The results of the molecular test, called the Envisia Genomic Classifier (Veracyte; San Francisco), had a high positive predictive value of proven usual interstitial pneumonia, and could be used in place of surgical lung biopsy to confirm a diagnosis of idiopathic pulmonary fibrosis (IPF), wrote Ganesh Raghu, MD, director at the Center for Interstitial Lung Diseases and professor of medicine at the University of Washington, Seattle, and his colleagues.* The Envisia Genomic Classifier recently received final Medicare local coverage determination for IPF diagnosis, according to a recent press release by Veracyte.

“IPF is often challenging to distinguish from other [interstitial lung disease], but timely and accurate diagnosis is critical so that patients with IPF can access therapies that may slow progression of the disease, while avoiding potentially harmful treatments,” Dr. Raghu stated in a press release. “Our results with molecular classification through machine learning [the Envisia classifier] are promising and, along with clinical information and radiological features in high-resolution CT imaging, physicians through multidisciplinary discussions, may be able to utilize the molecular classification as a diagnostic tool to make a more informed and confident diagnoses.”

The researchers prospectively recruited 237 patients from 29 centers in the United States and Europe who were evaluated with the Bronchial Sample Collection for a Novel Genomic Test for suspected interstitial lung disease and who underwent surgical biopsy, transbronchial biopsy, or cryobiopsy for sample collection. They used histopathology and RNA sequence data from 90 patients to create a training data set of an unusual interstitial pneumonia pattern for the machine learning algorithm.

The classifier found usual interstitial pneumonia diagnoses in 49 patients; the test had a specificity of 88% (95% confidence interval, 70%-98%) and a sensitivity of 70% (95% CI, 47%-87%). Of 42 patients with inconsistent or possible usual interstitial pneumonia identified from high-resolution CT imaging, there was a positive predictive value of 81% (95% CI, 54%-96%). When multidisciplinary teams made diagnoses with the molecular classifier data, there was a clinical agreement of 86% (95% CI, 78%-92%) with diagnoses made using histopathology data. In 18 cases of IPF, there was an improvement in diagnostic confidence using the molecular classifier data, with 89% of diagnoses designated as high confidence, compared with 56% of cases based on histopathologic data (P = .0339). In 48 patients with nondiagnostic pathology or nonclassifiable fibrosis histopathology, 63% of diagnoses with the molecular classifier data were high confidence, compared with 42% using histopathologic data (P = .0412).

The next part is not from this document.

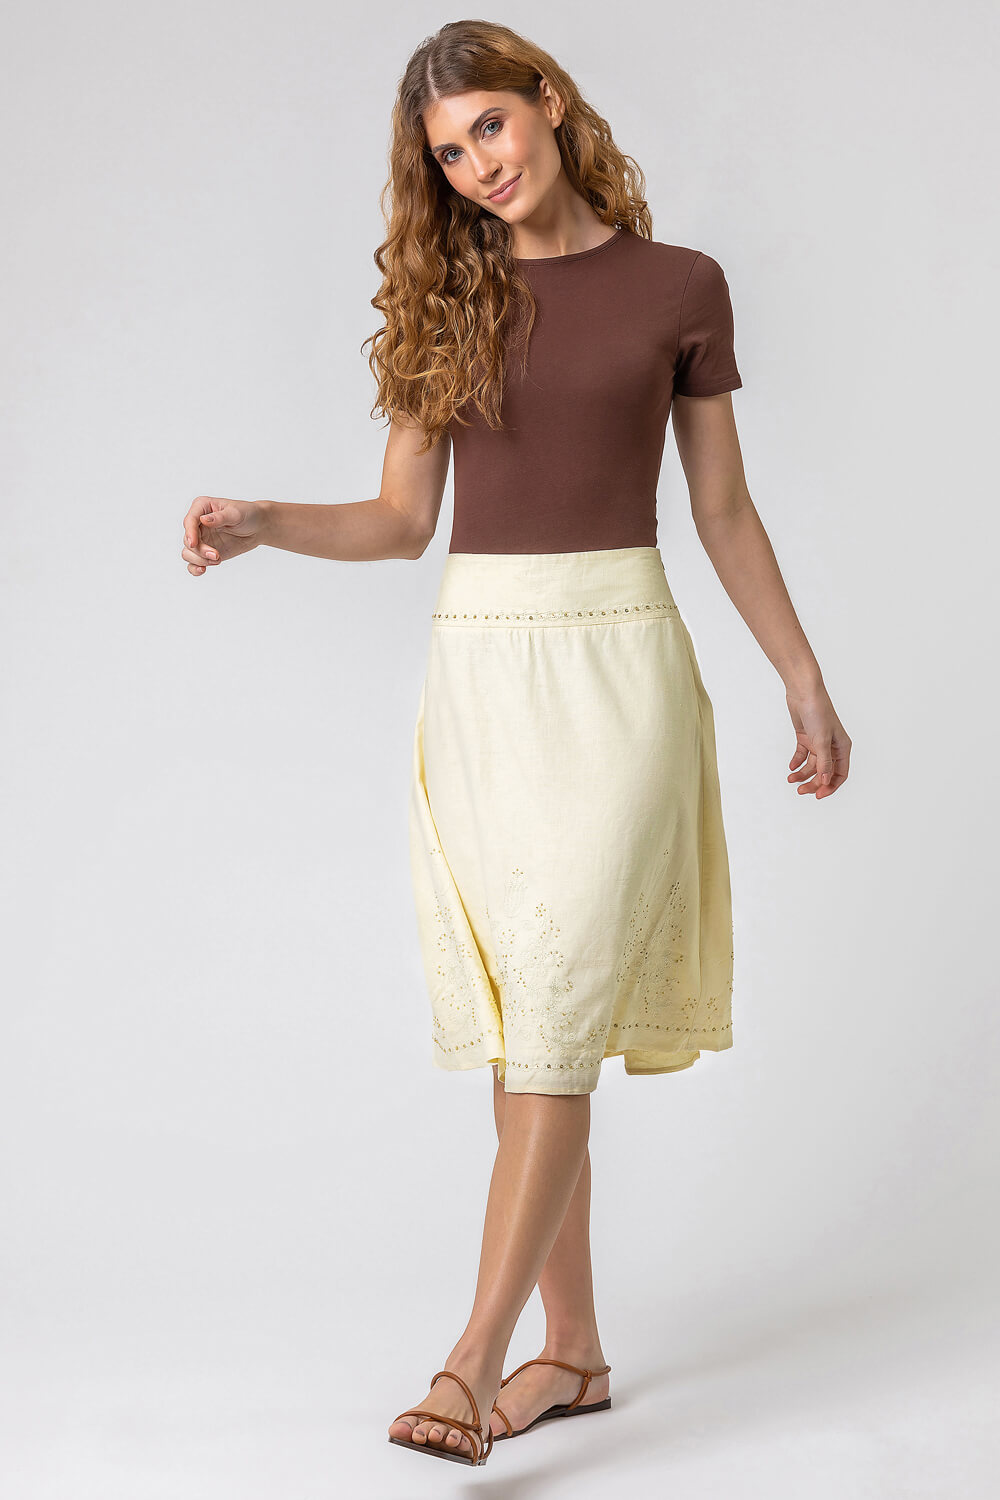 Lemon  Sequin Embellished A-Line Skirt, Image 3 of 4

This study was funded by Veracyte, creator of the Envisia Genomic Classifier. Some authors reported relationships with Veracyte and other companies.

SOURCE: Raghu G et al. Lancet Respir Med. 2019 Apr 1. doi: 10.1016/S2213-8587(19)300.

Correction, 4/25/19: An earlier version of this article misstated how the Envisia Genomic Classifier could be used. The Envisia test is not intended to replace high-resolution chest CT (HRCT). It is used when HRCT is inconclusive to help prevent patients from having to undergo invasive diagnostic procedures.